«I giovani 'ndranghetisti, anche quelli che arrivano in Germania, subiscono una sorta di indottrinamento paragonabile ai lavaggi del cervello terroristici» – dice la criminologa Anna Sergi, che spiega come i futuri boss si sentano investiti della responsabilità di portare un certo cognome, legato alle storiche famiglie di 'ndrangheta.
Questi giovani vengono attratti dall'idea di fare soldi facili all'estero, spiega ancora Anna Sergi: «Ti do 5.000-10.000 euro e ti dico 'vai e diventa socio di tuo cugino che ha una pizzeria in Germania'. Tu vai perché in Germania puoi fare qualcosa. È l'idea che puoi fare soldi facili e tu ti meriti di fare una bella vita».
Dalla strage di Duisburg del 2007, la legge tedesca sta considerando sempre più seriamente la presenza della 'ndrangheta sul suo territorio. All'inizio di quest'anno, per la prima volta una sentenza di condanna di un tribunale tedesco ha citato la 'ndrangheta, in relazione ai reati commessi da Salvatore Giorgi. Giorgi è stato condannato per traffico di droga e riciclaggio a tre anni e sei mesi dal tribunale di Costanza (Amtsgericht). Nella puntata raccontiamo la sua storia: cameriere in un ristorante a Überlingen, sul lago di Costanza, e al tempo stesso galoppino per le cosche.
La sentenza di Costanza adesso si sta cercando di replicarla nel maxi-processo attualmente in corso nell'aula bunker di Düsseldorf. Qui sono imputati 14 personaggi, italiani e non, legati a vario titolo alle cosche 'ndranghetiste di San Luca, in Calabria. Un maxi-processo in cui la procura di Duisburg, competente per il caso, ha fatto luce anche sulla struttura stessa dell'organizzazione in Germania, simile a quella di un'azienda e per questo chiamata «Mafia & Co. KG», dove KG sta per Kommanditgesellschaft, società in accomandita semplice.

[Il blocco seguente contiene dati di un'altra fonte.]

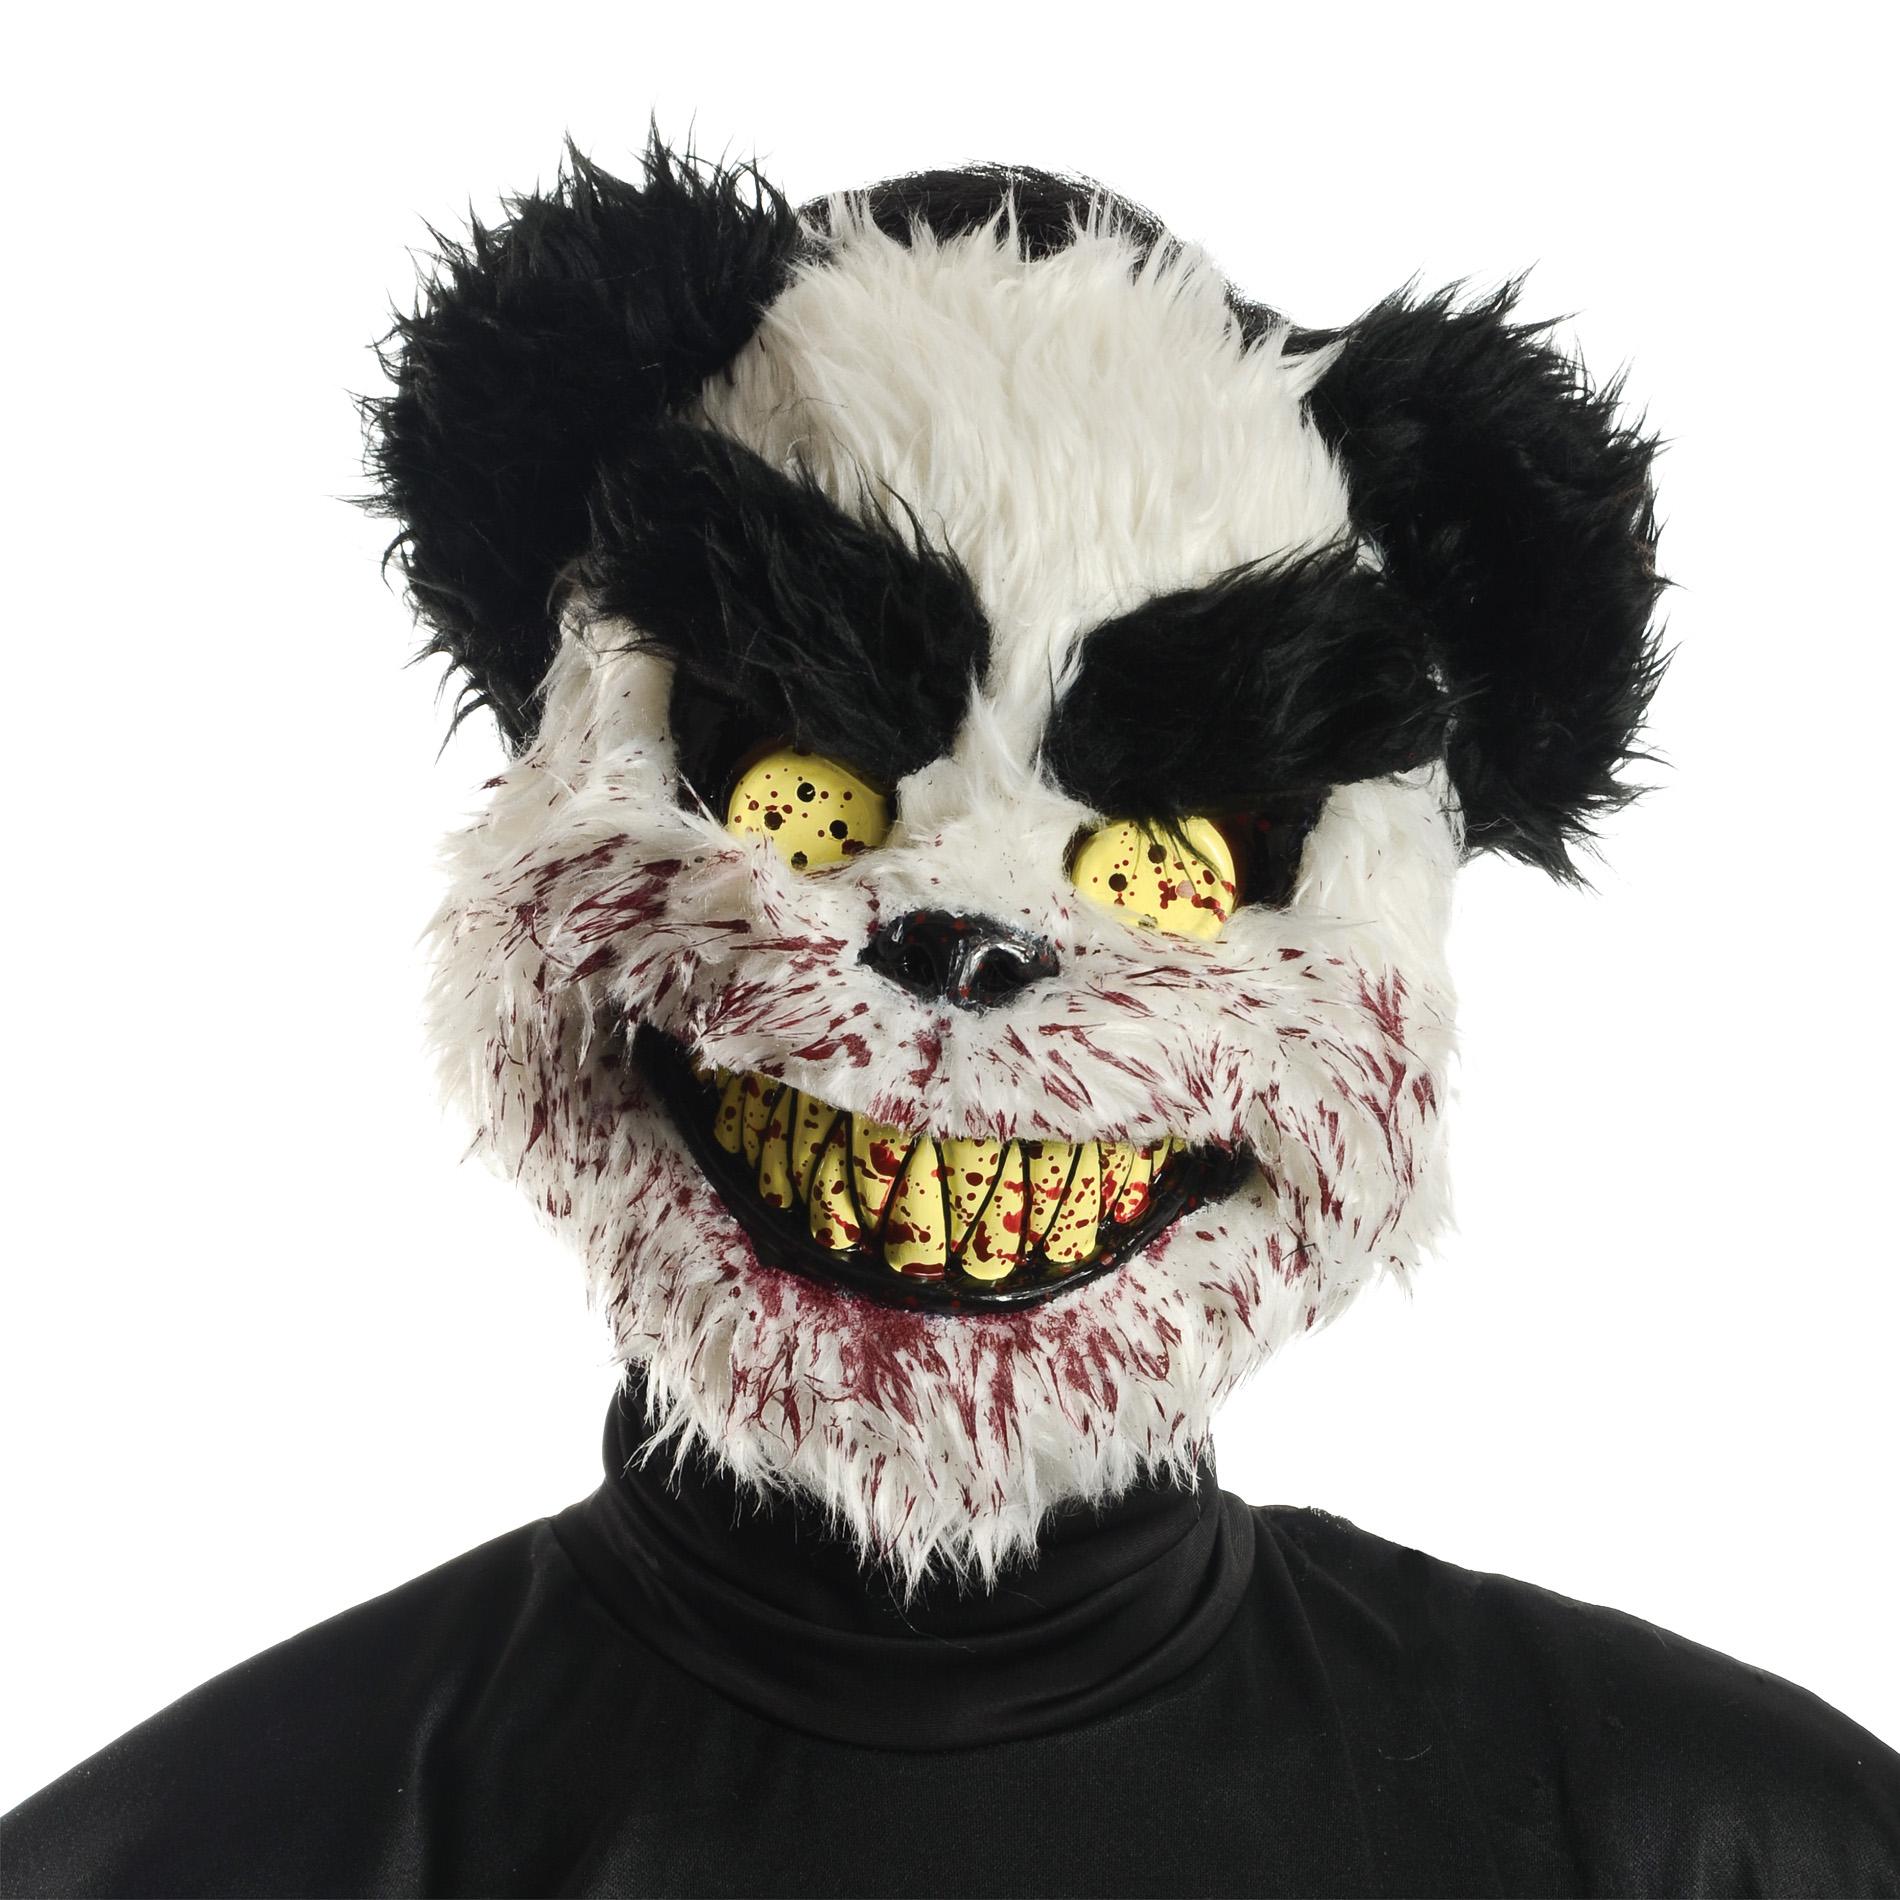 Roblox Promo Code Bear Face Mask - Exploring Mars

Il giudice Alessandro Bellardita: «Dal punto di vista della cultura di indagine tedesca si tratta di un processo lungo, pesante da gestire, con oltre 40 avvocati che fanno una difesa conflittuale e dunque il processo si sta allungando tantissimo. Per quel che riguarda le procure che sono coinvolte, sicuramente è un processo storico».
Tra gli esperti che abbiamo sentito, anche il professore Arndt Sinn, giurista e direttore di ZEIS, Centro di studi sulla giustizia penale europea e internazionale: «Questo processo ricorda alla giustizia che in ogni caso vale la pena indagare all'interno di queste organizzazioni criminali e chi ne fa parte, per distruggere la loro struttura. È questa la chiave per combattere la criminalità organizzata: primo, distruggere la struttura e parallelamente portar via il loro denaro».